- Requirement
For the entries that follow, retype exactly the lines from the one containing "Eduction instructions" to the one containing "Management of dentoskeletal", inclusive, and only those. Images stay out of the copy.

- The data
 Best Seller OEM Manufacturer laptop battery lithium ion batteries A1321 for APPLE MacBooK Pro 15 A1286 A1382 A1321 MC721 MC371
==
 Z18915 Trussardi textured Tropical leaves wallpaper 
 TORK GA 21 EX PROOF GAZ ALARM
* * *
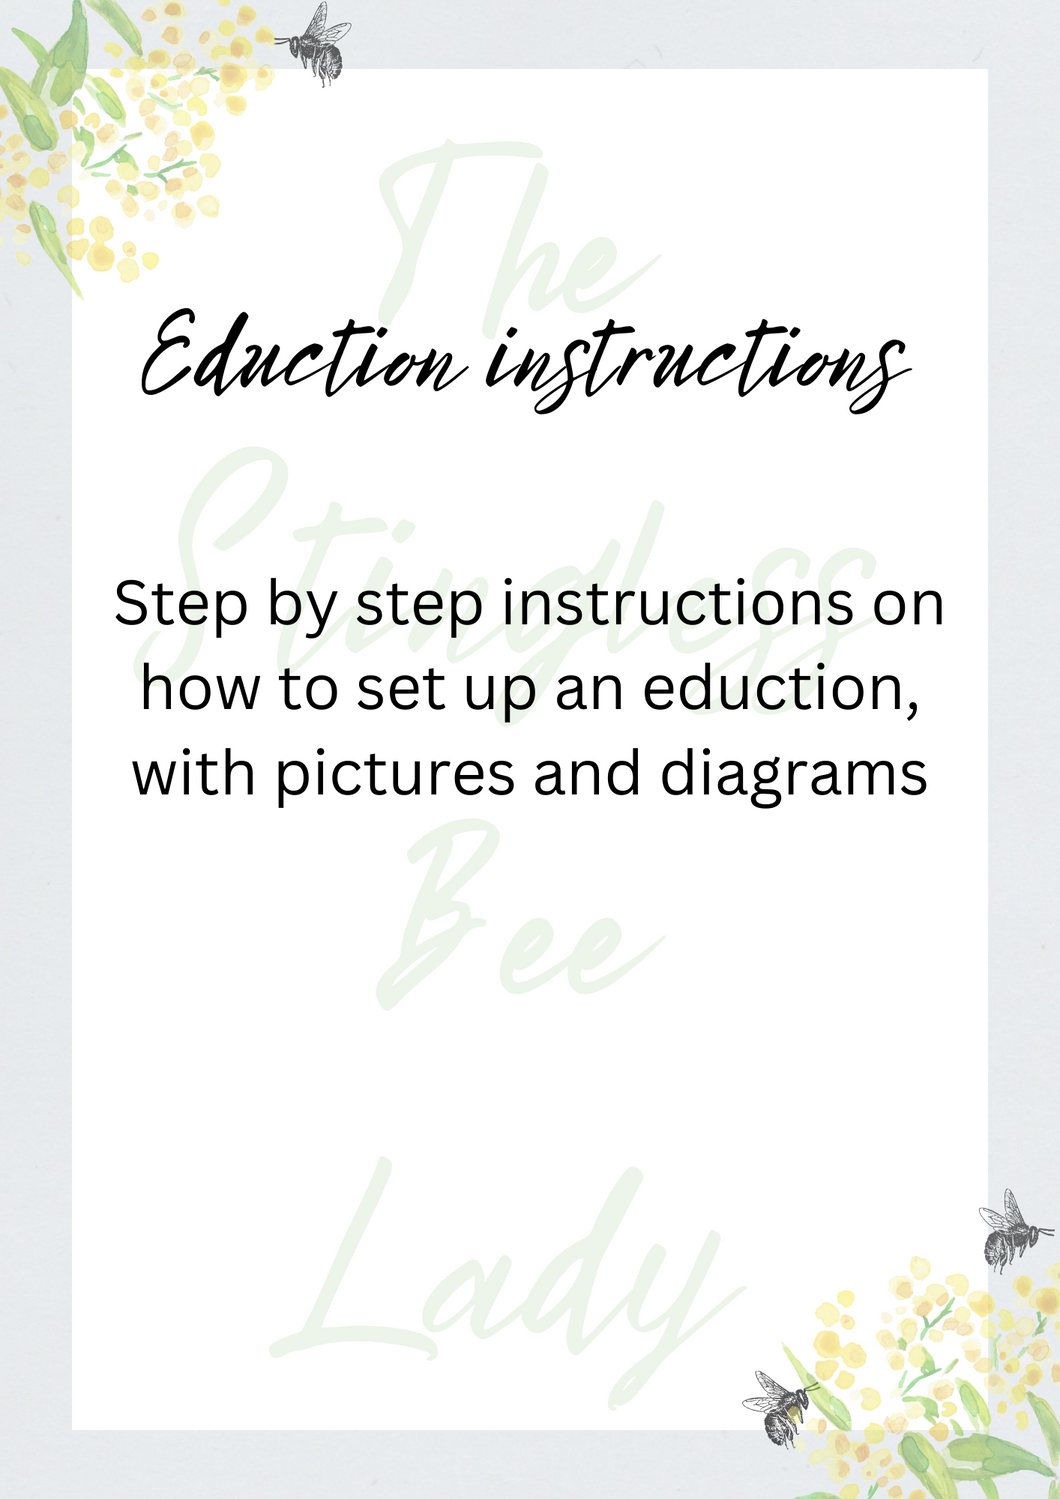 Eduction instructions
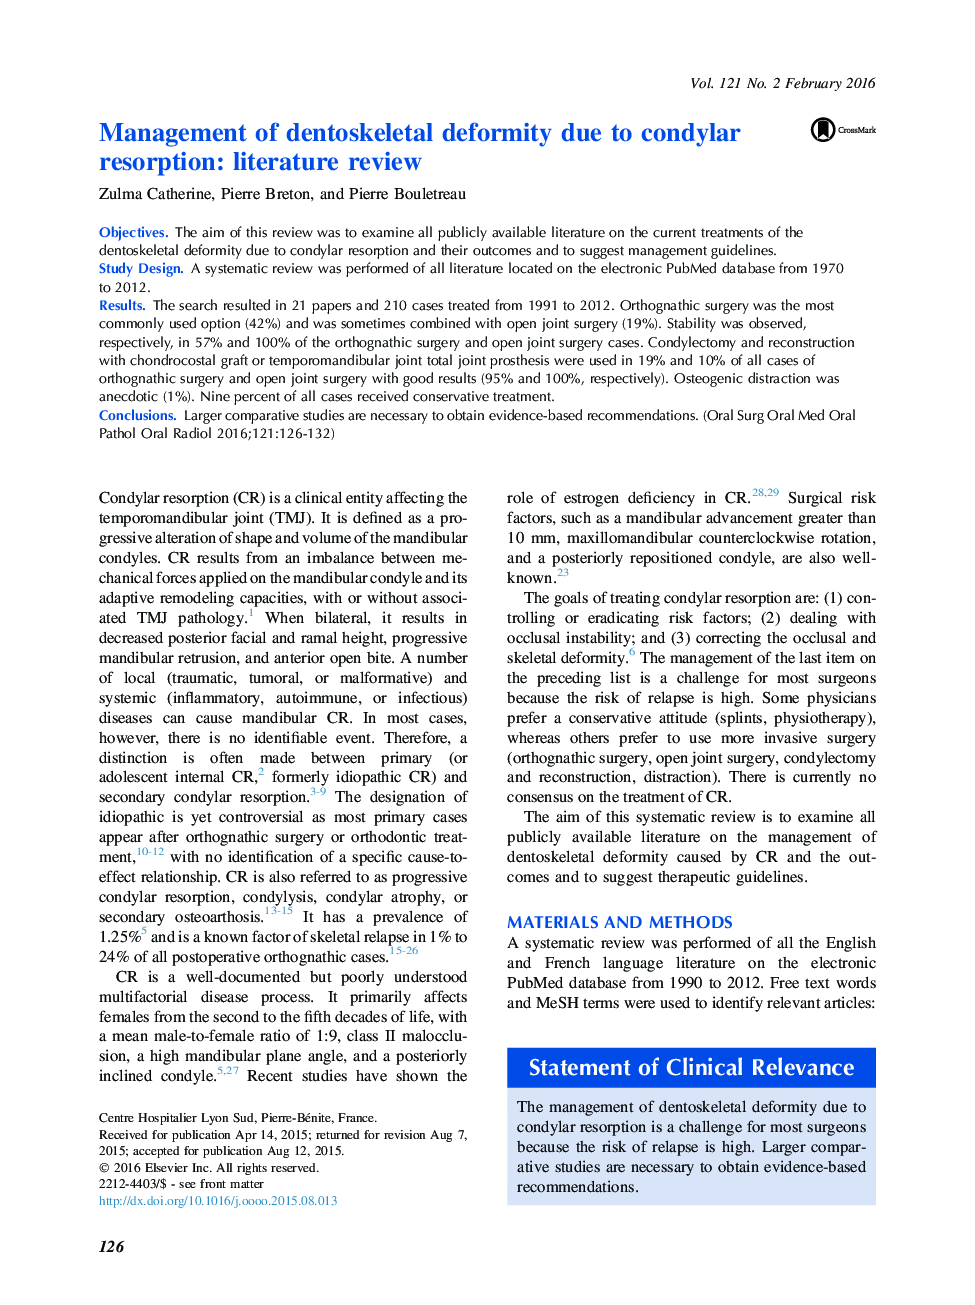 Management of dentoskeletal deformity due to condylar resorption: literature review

- Answer section
 Eduction instructions
 Management of dentoskeletal deformity due to condylar resorption: literature review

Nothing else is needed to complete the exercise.